Among them, diff_time represents the offset formula (unit ms), and its function is to return the time interval between two time variables, that is, to calculate the time difference between two moments, where the result of diff_time represents the time difference of each element character average value.

S83: Calculate the offset average value of the time difference average values of all elements, and the offset information is the offset average value.

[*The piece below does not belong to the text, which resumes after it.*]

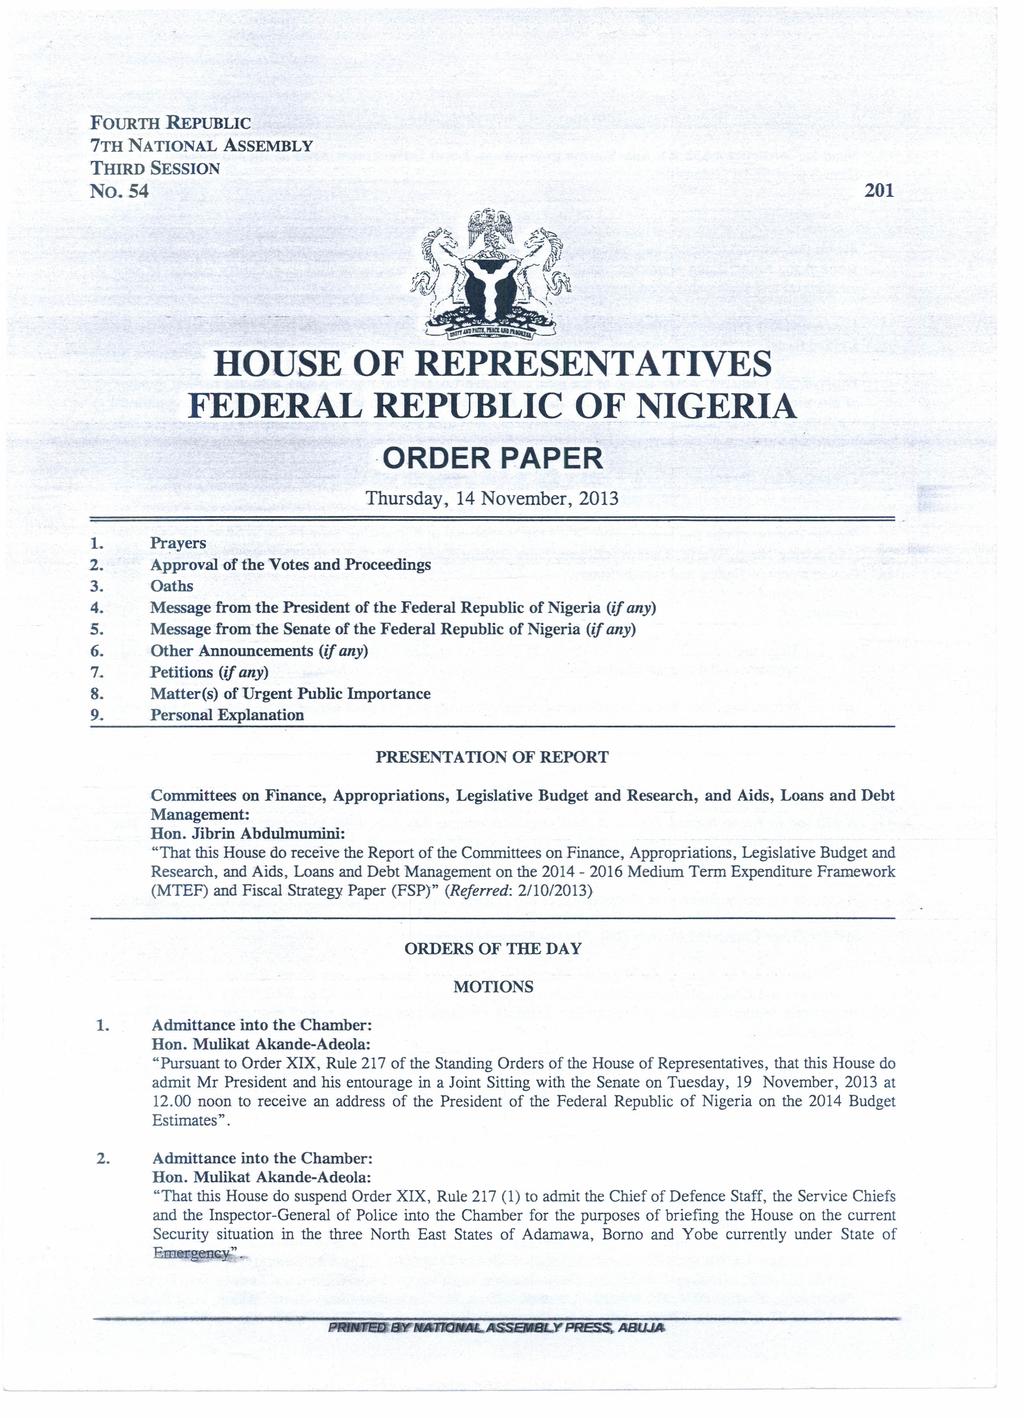 FOURTH REpUBLIC 7TH NATIONAL ASSEMBLY THIRD SESSION No. 54 201 HOUSE OF REPRESENTATIVES FEDERAL REPUBLIC OF NIGERIA ORDER PAPER 14 November, 2013 L Prayers 2. Approval of the Votes and Proceedings 3.

In this step, the average value of the time difference of all elements can be averaged. Taking the four-digit random number as an example, the following formula can be used to calculate the average value of the offset:

result=(diff_time[0]+diff_time[1]+diff_time[2]+diff_time[3])/4.

Among them, result is the average offset, diff_time[0] represents the average time difference of the first digit, diff_time[1] represents the average time difference of the second digit, and diff_time[2] represents the average time difference of the third digit , diff_time[3] represents the average time difference of the 4th digit.

Through the above steps S81 to S83, the average value of the offset of the multimedia data is calculated based on the audio element character string and the lip language element character string, which is the offset information.

Step 409: Determine whether the offset information is within the target offset range. If yes, go to step 410 , otherwise go to step 411 .

In this step, the target offset range can be obtained through actual test data statistics, which can characterize the characteristics of the multimedia data recorded by the living body.

Step 410: Outputting multimedia data from a living body.

In this step, if the offset information is within the target offset range, it means that the offset information of the multimedia data is small enough and is multimedia data generated by actual behaviors sent by a general living body, and the output multimedia data is from a living body.

Step 411: The output multimedia data does not come from a living body.

In this step, if the offset information is not within the target offset range, it means that the current multimedia data may not be the behavior sent by the living body, or maliciously synthesized attack data, then the output multimedia data does not come from the living body, and as shown in Figure 2 In the living verification scenario shown, this verification fails. A warning can be issued.

The above-mentioned living body detection method significantly improves the accuracy of living body detection, and reduces the missed detection rate. Provides a fault tolerance rate for some videos with a small amount of audio and video out of sync. It saves the original cost of labeling a large number of audio and video asynchronous videos.

Please refer to FIG. 5 , which is a living body detection apparatus 500 according to an embodiment of the present application. The apparatus can be applied to the electronic device 1 shown in FIG. 1 , and can be applied to the living body verification scene shown in FIG. Detects whether multimedia data comes from a living body, improving the security of living body verification. The device may include: an acquisition module 501, an extraction module 502, an identification module 503 and an analysis module 504, and the principle relationships of the modules are as follows:

The acquiring module 501 is configured to acquire multimedia data to be detected. For details, refer to the description of step 301 in the above embodiment.

The extraction module 502 is configured to extract audio data and video data in the multimedia data. For details, refer to the description of step 302 in the above embodiment.

The recognition module 503 is configured to perform speech recognition on audio data to obtain voice information, and perform lip language recognition on video data to obtain lip language information. For details, refer to the description of step 303 in the above embodiment.

The parsing module 504 is configured to parse and obtain offset information between the audio data and the video data according to the voice information and the lip language information, and verify whether the multimedia data comes from a living body based on the offset information. For details, refer to the description of step 304 in the above embodiment.

In one embodiment, the recognition module 503 may be configured to: perform speech recognition on the audio data frame by frame, and obtain audio element information of the audio data. The audio start frame sequence and audio end frame sequence of each element in the audio element information are extracted, and the voice information may include: audio element information, audio start frame sequence and audio end frame sequence.

In an embodiment, the identification module 503 may be configured to: perform lip language recognition on the video data frame by frame, and obtain lip language element information of the video data. The video start frame sequence and the video end frame sequence of each element in the lip language element information are extracted, and the lip language information may include: lip language element information, video start frame sequence and video end frame sequence.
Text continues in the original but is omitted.